Analysis helps improve the student experience

At AQA we are always working to improve what we do.  

No-one wants students to leave an exam hall feeling they weren’t given the opportunity to shine.

Which is why we work hard to ensure papers are as well constructed as possible.

Key to understanding the design quality of our maths GCSE exam papers is looking at how well each question is answered.

Our assessment designers broadly know the degree of difficulty of each item and therefore what proportion of students should be able to answer them.

The more straightforward questions should be returning higher marks while the most complex ones, which are designed to separate the best students from the rest, will have fewer successful answers.

If, in our post exam analysis we see questions where students have not performed in line with our expectations, we need to take a more nuanced look at how that item has been written and looks on the page.

How we design our maths GCSEs

When we set about improving our maths GCSE papers, we examined each question’s language, visual design, the context it was set in and where it sat within the paper. 

Clear concise questions and clean crisp visuals are vital

Language was a key part of the redesign. Wording must never hinder understanding.

At the forefront of our thinking was that we are testing students’ maths not their literacy.

An irrelevant word or sentence could hamper someone’s best performance.

For example, in our specifications, students should understand the word ‘integer’, so that needs only be tested once.

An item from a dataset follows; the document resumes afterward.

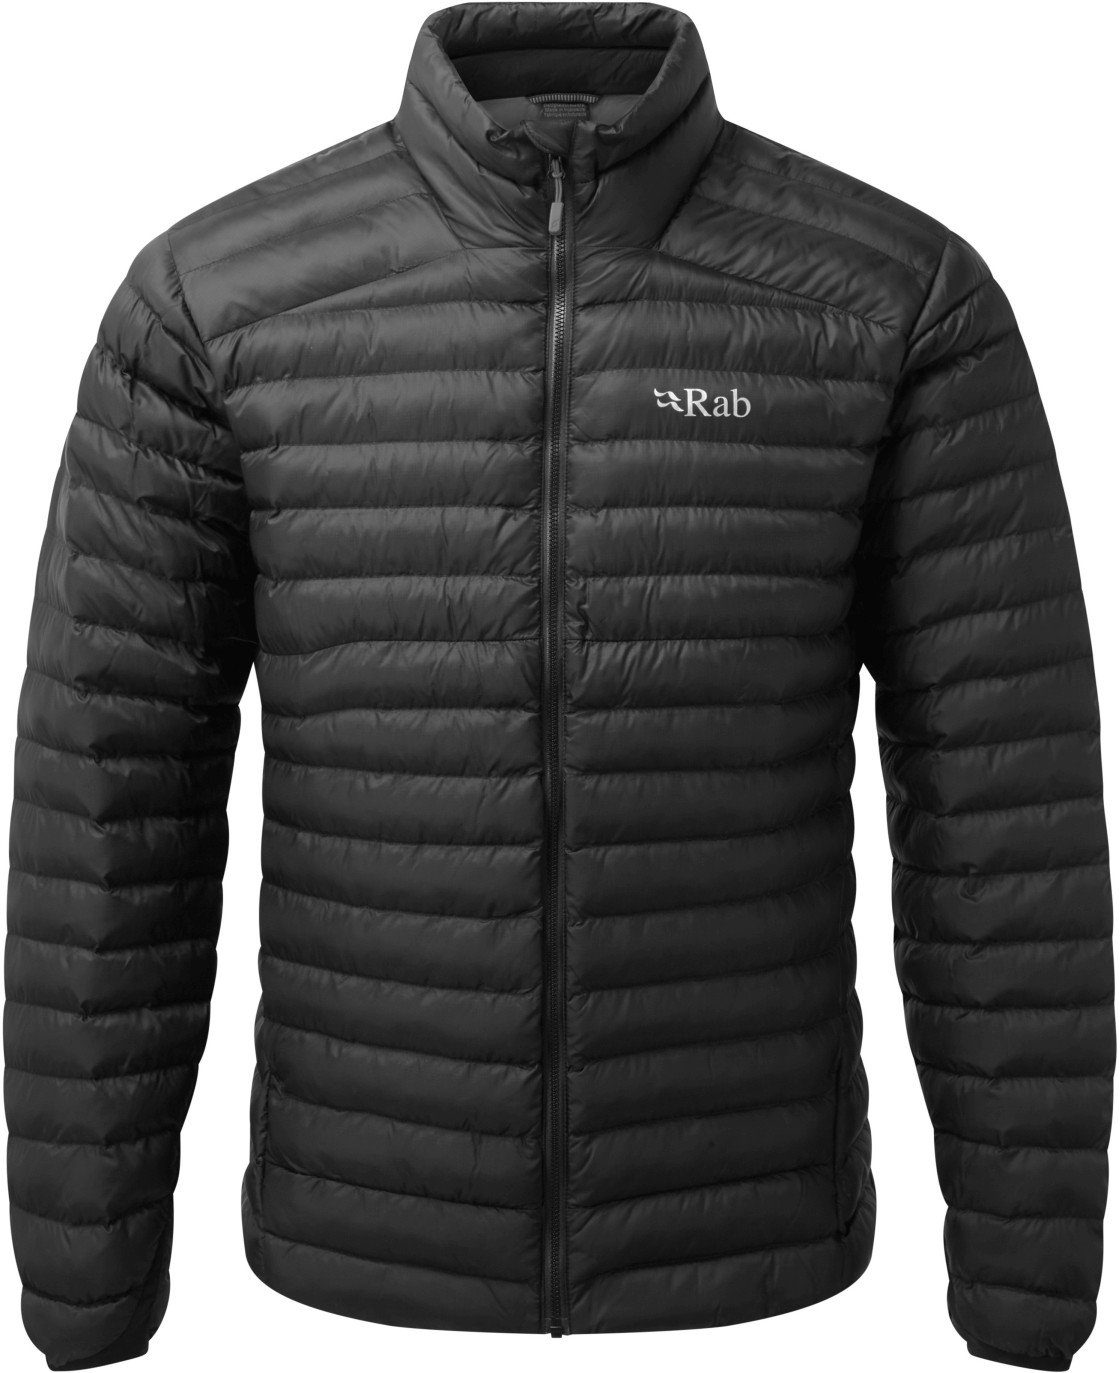 Winterjacke Cirrus Rab Jacket black

Anyone who doesn’t know that word will be penalised several times if it is loaded into other items.

We stripped out everything that was redundant and repetitive so the questions are simply phrased and diagrams clearer.

Removing redundant or repetitive words allows students to focus on showing their best maths

Our research also revealed that simple visual adjustments can reduce the cognitive load on students.

Taking away everything that is not needed or distracts the eye allows them to focus on  producing their best work.

As a result of that research, we created more white space around items and diagrams so there is more space to make notes and we also made all the working out lines fainter.

It may not seem like a big change but it will have helped the students.

Do all maths exam questions need a context?

This decluttering was applied to the use of context in questions.

Putting maths questions into a context can aid understanding as long as it is clear and not culturally dependent.

We could use sapphires and carats as a way of testing someone’s arithmetic. But that could be very confusing if they did not know much about gem stones or how they are measured.

Money, however, is a great way to contextualise maths because it is cross-cultural.

Some questions benefit from being set in a context but that has to be appropriate

Our designers now know that if an item does not require context it should be removed.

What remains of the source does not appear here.